13. Cheap Badger Deterrents?

It has been suggested that badgers are very reluctant to enter into a garden if they come across the smell of human male urine around the area where they normally enter the garden. Potentially, this might be a cheap way of preventing badgers from wrecking people's gardens.

  • Discuss what scientific methods you would take, if you were conducting an experiment to determine whether human male urine deters badgers to any significant degree.

14. Climate Change

It is generally believed that the climate is slowly becoming warmer, with hotter summers, warmer winters and more extreme storms.

Conditions of extreme cold can prove fatal for skin and fur-based parasites (like fleas, lice and ticks). Sadly, too extreme cold periods can also reduce the numbers of badgers which survive through the winter. This can be especially bad for cubs, who may not have had enough time to achieve a viable body-weight to survive the lean winter months.

In some species (like egg-laying turtles and crocodiles/alligators), the proportion of male to female hatchlings alters as the temperature varies during conception and development.

If too few badgers die, then their numbers can rise to meet the maximum number that can be fed from a particular territory. If numbers rise further still, is it likely that some badgers will die through starvation or internal squabbling for food, or is it more likely that the badgers will slowly reduce in size and weight, in line with the reduced food per head that is available as badger numbers increase.

Of course, long periods of high temperatures or low rainfall, can make earthworms, the badgers' staple food source, very scarce; which causes reductions in the numbers of surviving badgers and their cubs.

What effect is the increasingly warm climate likely to have on badger populations, in terms of basic survivability, general health and aggressiveness towards one another as food sources become relatively more scarce.

How would you test whether the proportions of male and female badgers is changing as the climate grows warmer.

15. Genetic Differences

Geneticists have suggested that in order to avoid damaging inbreeding or too small a gene pool, communal living animals, such as badgers need to eject key specimens and allow new "blood" to enter their gene pool.

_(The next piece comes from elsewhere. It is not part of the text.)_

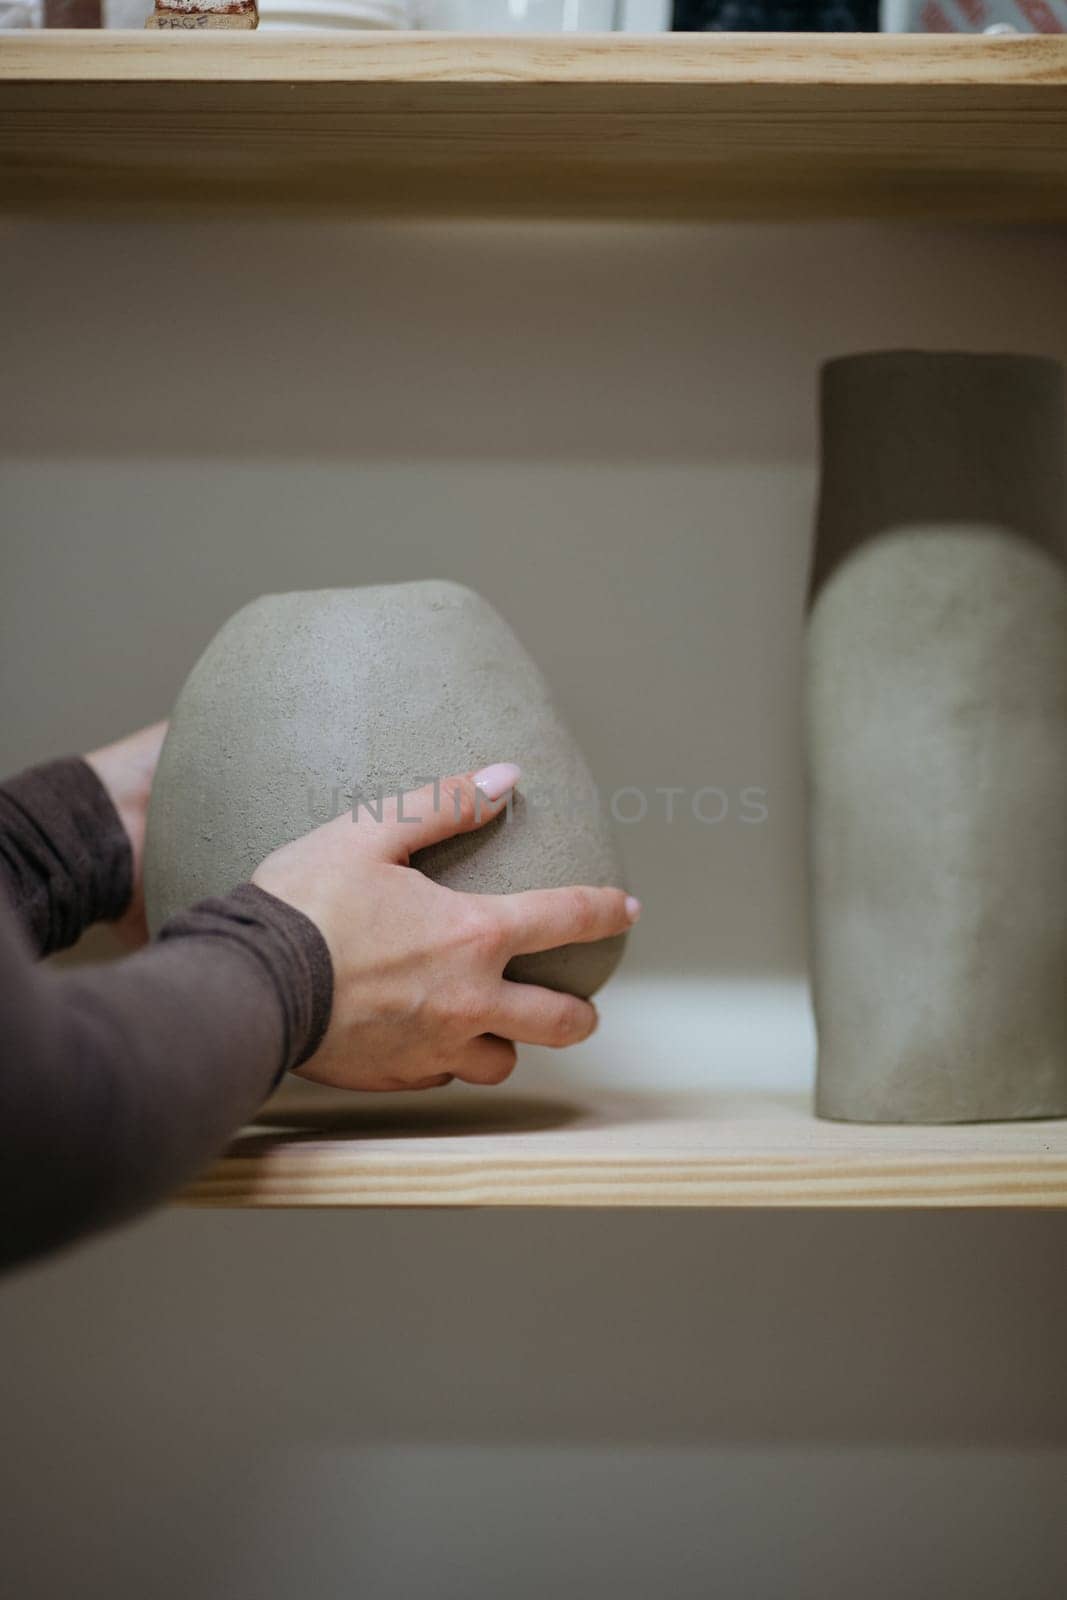 A hand gently grips a sandy-textured ceramic vase on a wooden shelf.

  • How might you assess the extent to which a particular clan was more or less inbred than neighbouring clans?
  • Assess how you might track the genetic influence of a single individual badger, to see how often its genetic material turns up in descendants in its own and adjacent clans, as well as those further afield.
  • Assess the extent to which traits, such as an enhanced immunity to TB, might become dominant or recessive throughout the badger population.
  • Assess the extent to which the sterilization of infected individual badgers might result in a reduction in the overall level of TB infectivity in the badger population. Would this make any difference, if you only sterilised infected females?
  • Assess the speed at which particular traits might transfer across the countryside.
  • Form a view on whether introducing so-called TB-immune badgers into a badger-population might have a beneficial effect on reducing the incidence of TB in badgers.